Why This Works Better
CodeMode UTCP demonstrates that code is a better interface for tool orchestration than special tokens. By leveraging LLMs' natural code-writing abilities, we achieve:
- ✅ Lower latency - One execution vs. multiple round-trips
- ✅ Better composability - Express complex workflows naturally
- ✅ Robust error handling - Standard Go error patterns
- ✅ Full API access - No need to simplify tool interfaces
- ✅ Higher reliability - LLMs excel at writing code
- ✅ Debuggability - Inspect generated code and execution logs
The key insight: LLMs have seen millions of code examples but only synthetic tool-calling data. We should play to their strengths.

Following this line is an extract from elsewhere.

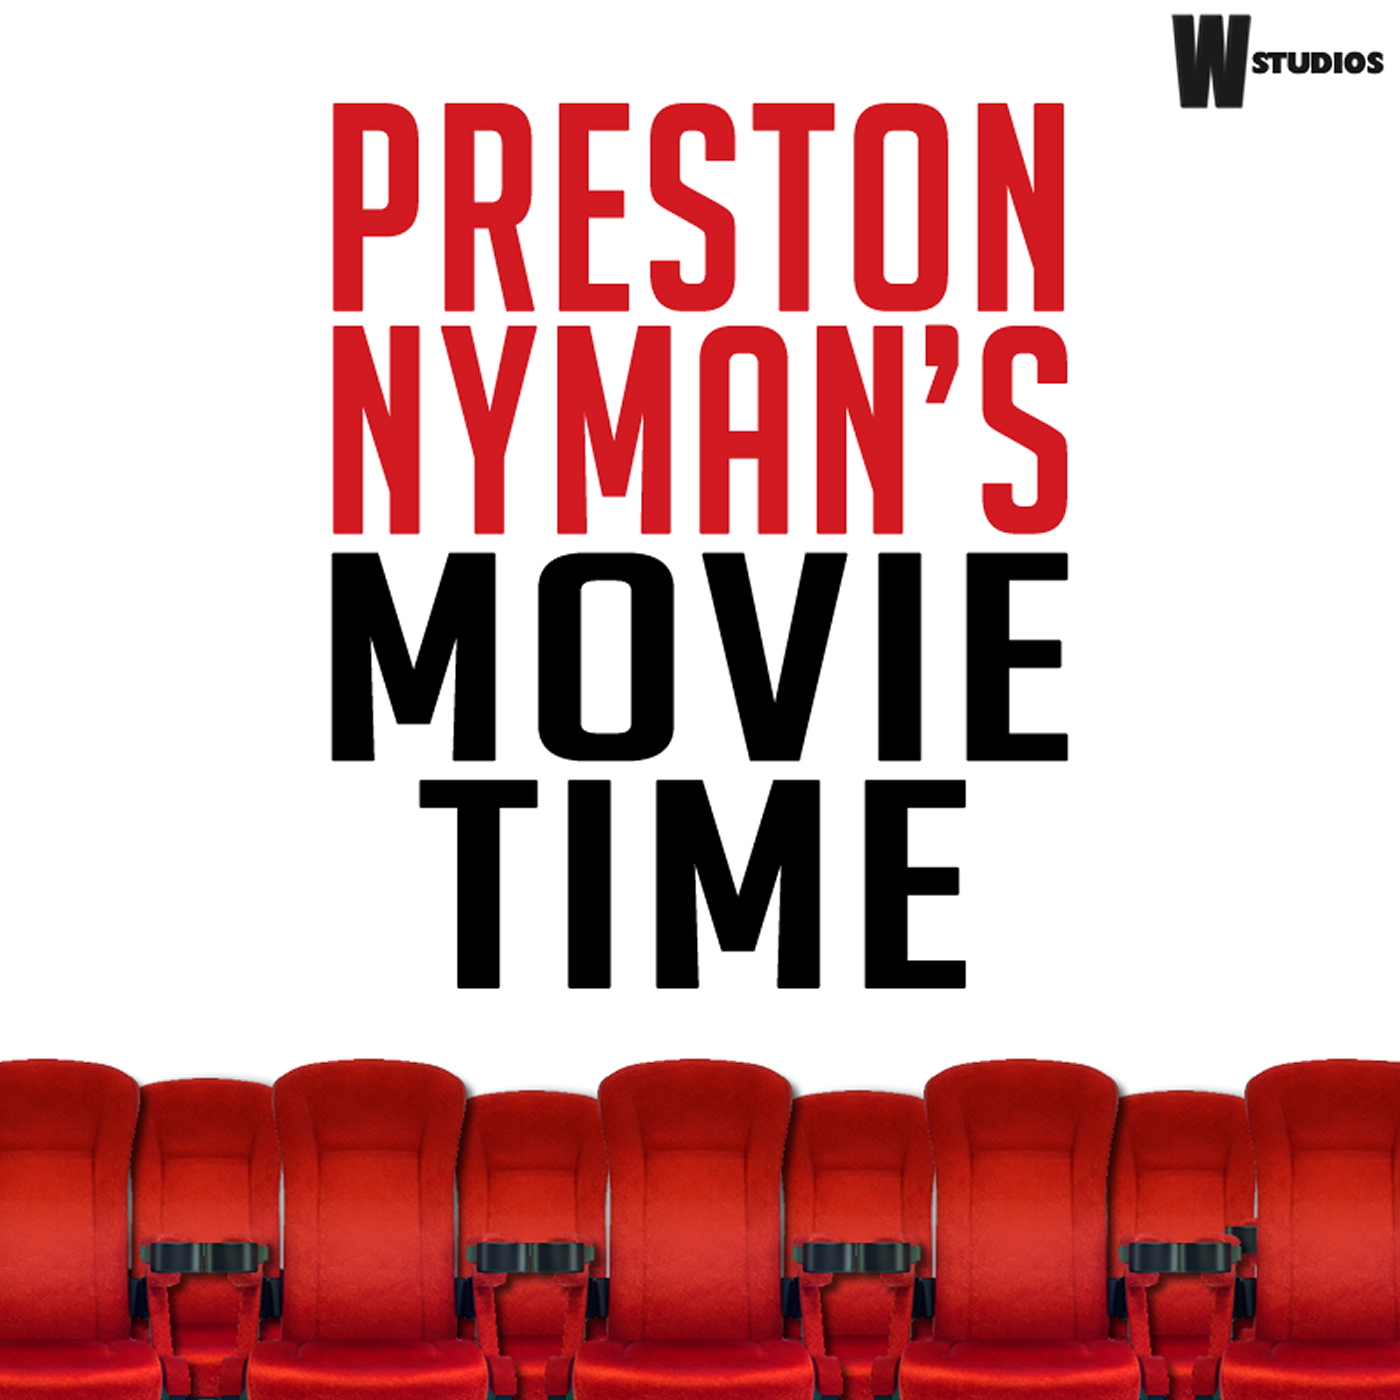 Preston Nyman's Movie Time

Performance Characteristics
Latency Breakdown
- LLM calls: 3 sequential calls (decide, select, generate) ≈ 2-5 seconds
- Code execution: Typically <100ms for simple workflows
- Tool calls: Depends on tool implementation
Optimization Opportunities
- Parallel LLM calls - Decide + Select could run concurrently
- Caching - Cache tool specs to reduce prompt size
- Streaming - Stream code generation for faster perceived latency
- Compiled mode - Pre-compile common patterns
Limitations and Trade-offs
Current Limitations
- Single-threaded execution - Yaegi runs code sequentially
- No filesystem access - Unless explicitly provided via helpers
- LLM quality dependency - Bad code generation = runtime errors
- Debugging complexity - Stack traces from interpreted code can be cryptic
Design Trade-offs
- Safety vs. Flexibility - Sandboxing limits what code can do
- Simplicity vs. Power - Go DSL is more constrained than Python
- Latency vs. Reliability - Multiple LLM calls increase latency but improve correctness
Try It Yourself
CodeMode UTCP is part of the go-utcp repository:
git clone https://github.com/universal-tool-calling-protocol/go-utcp
cd go-utcp/src/plugins/codemode
go test -v
Check out the README for more examples and API documentation.
Related Work
CodeMode UTCP builds on ideas from:
- Cloudflare's Code Mode - TypeScript-based approach for MCP
- Yaegi - Go interpreter
- UTCP - Universal Tool Calling Protocol
Special thanks to the UTCP community for feedback and contributions.